Economy looms as China, US celebrate relations

01/06/2009
Emma Graham-Harrison, Forbes.com

BEIJING, Dec 31 (Reuters) - China and the United States should be kicking off 2009 with a celebration of three decades' hard work building one of the world's most crucial diplomatic relationships.

Instead the superpower and the rising power are fighting their way through an economic crisis that may be the biggest strain yet on the web of ties they have created.

Following a ground-breaking visit by former U.S. President Richard Nixon in 1972, the United States switched diplomatic recognition from democratic Taiwan to Communist China on Jan. 1, 1979, recognising "one China" and marking Beijing's emergence from diplomatic and economic isolation.
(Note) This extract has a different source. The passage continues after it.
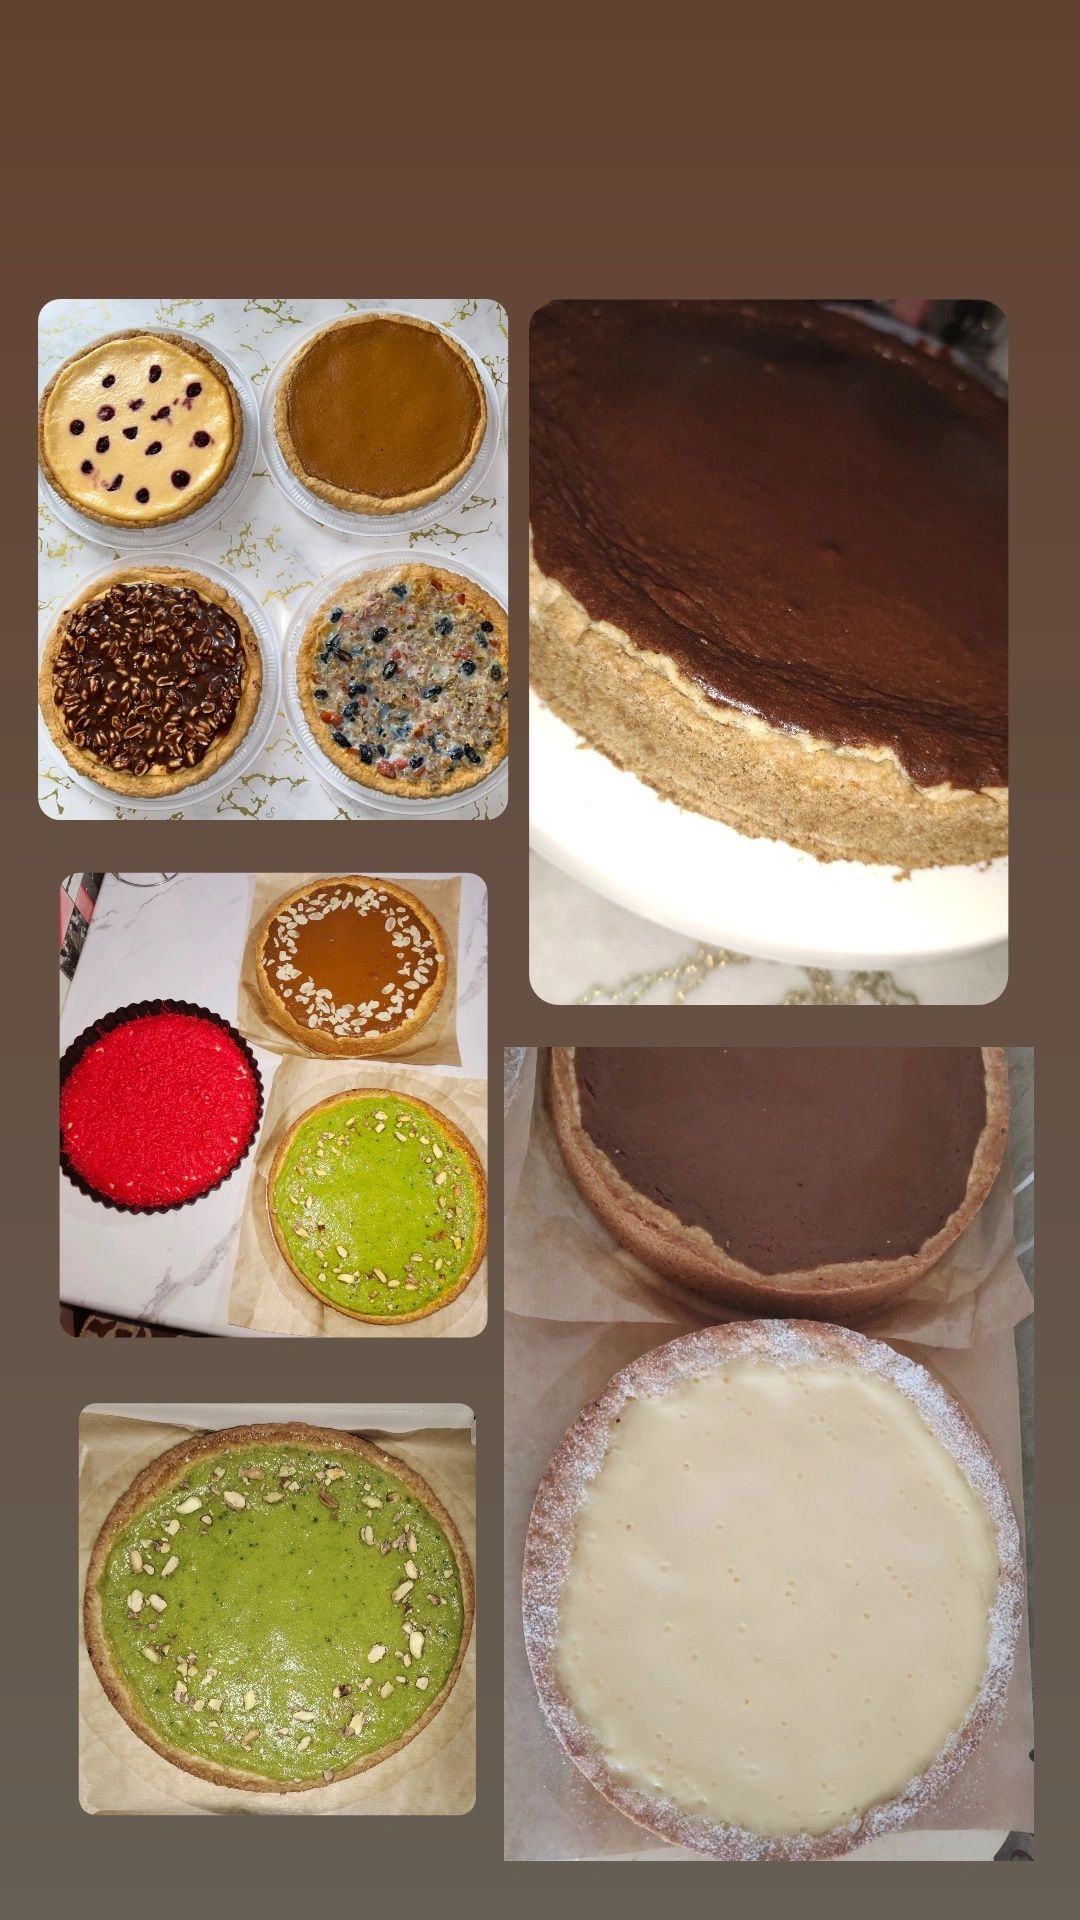 сладкие домашние пироги:, творожный, карамельный, восточный,Сникерс...
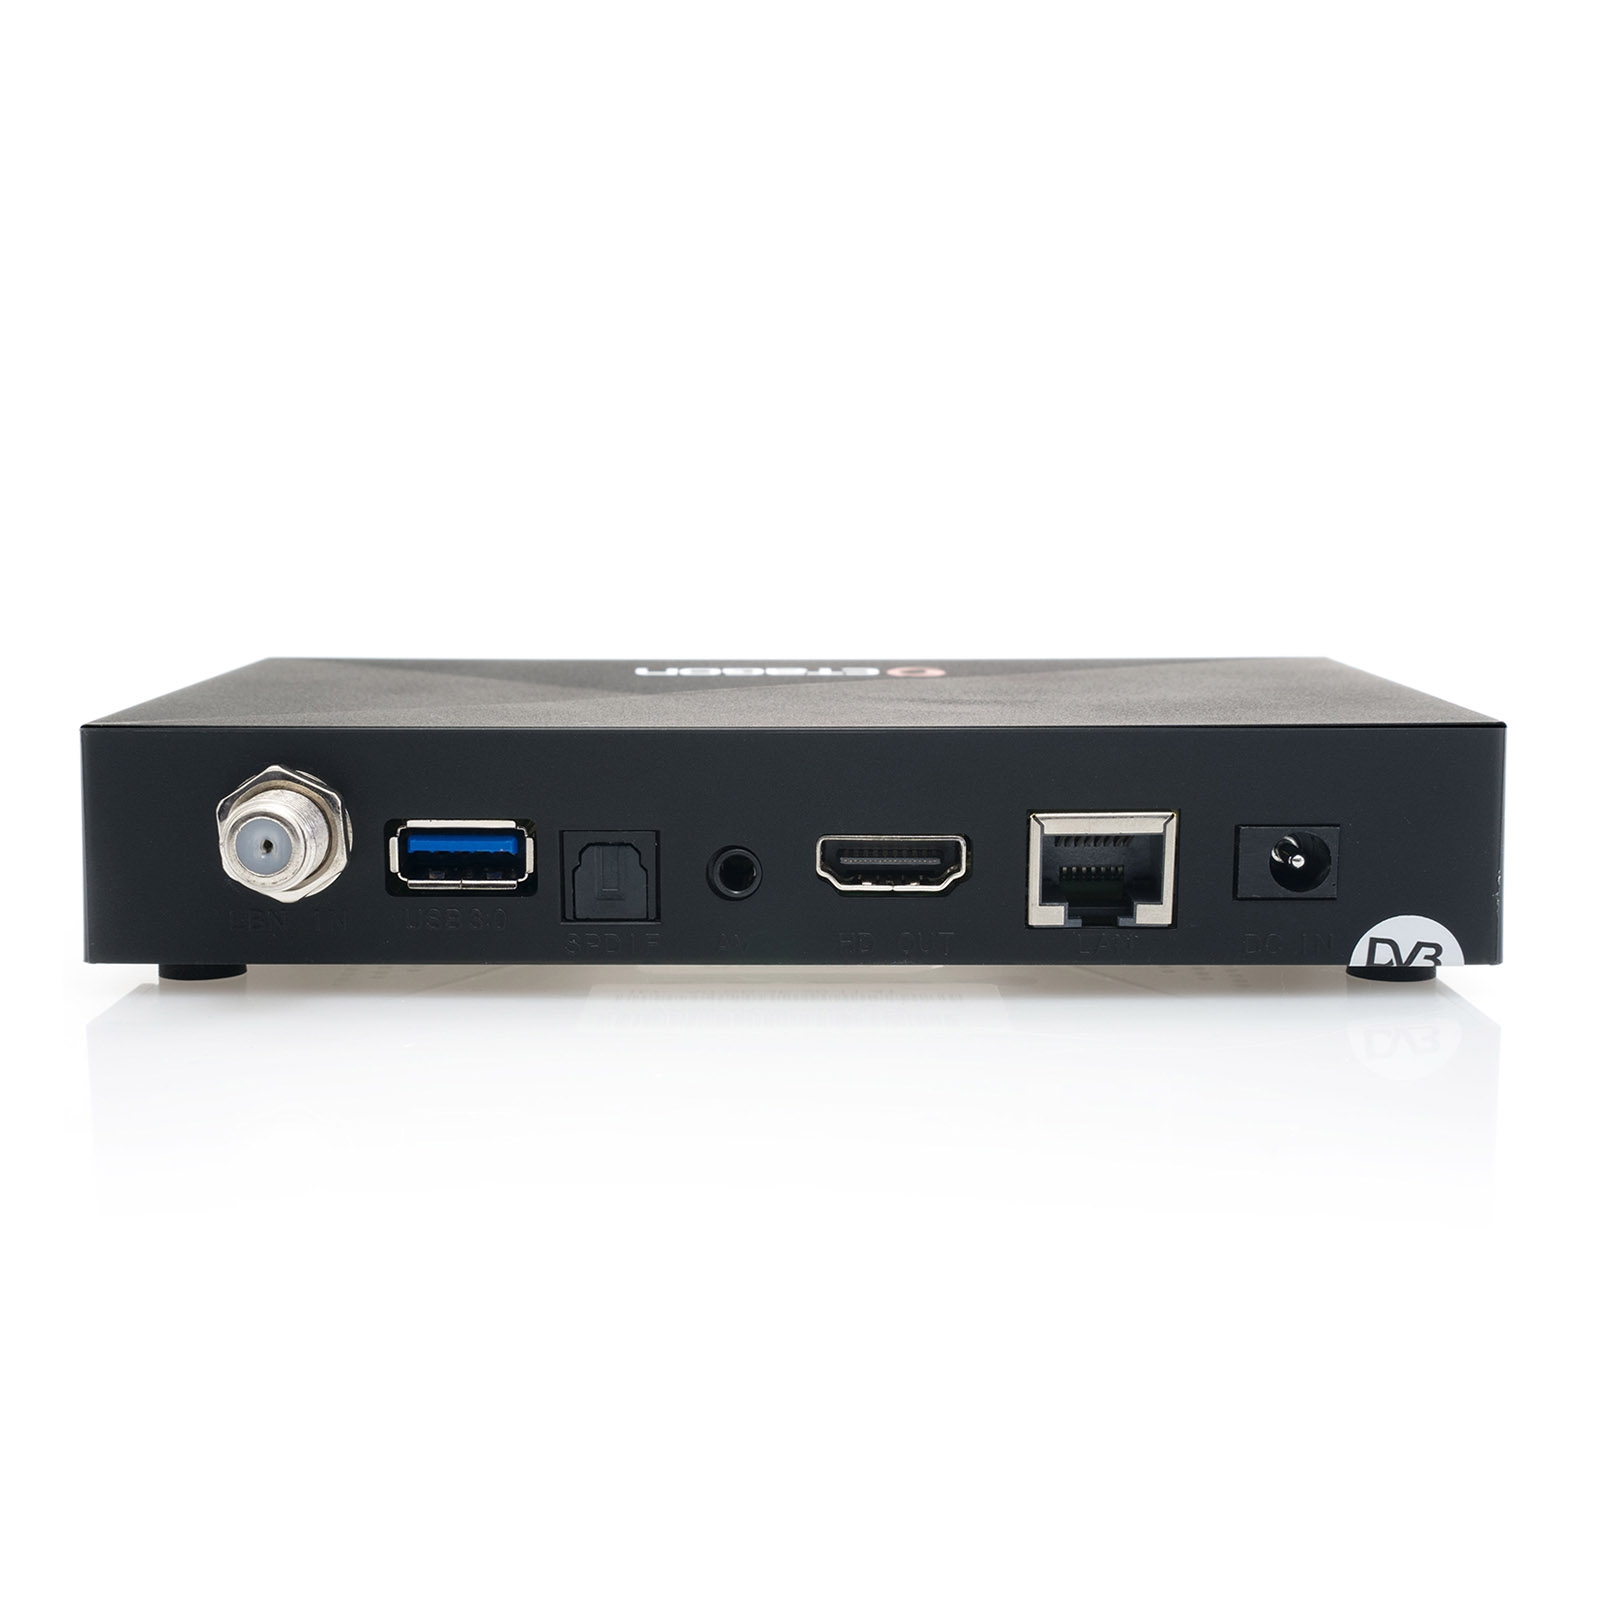 OCTAGON SX88 4K UHD S2+IP HDMI USB Kartenleser H.265 Stalker IPTV Multistream Receiver Schwarz

It smoothed and accelerated reforms that would transform China from a Cold War backwater into the world's fourth-largest economy at astonishing speed.

"This is a very tough thing to manage because of historical precedents of rising powers and the reactions they provoke from other countries," said Susan Shirk, a professor at the University of California San Diego and former U.S. diplomat.

"Historically, rising powers almost always mean war."

In the search for a relationship that will be the cornerstone of peace, they have weathered an embassy bombing and a spy plane crash, a military crackdown on pro-democracy protests, and more recently, tensions over trade and the value of China's currency.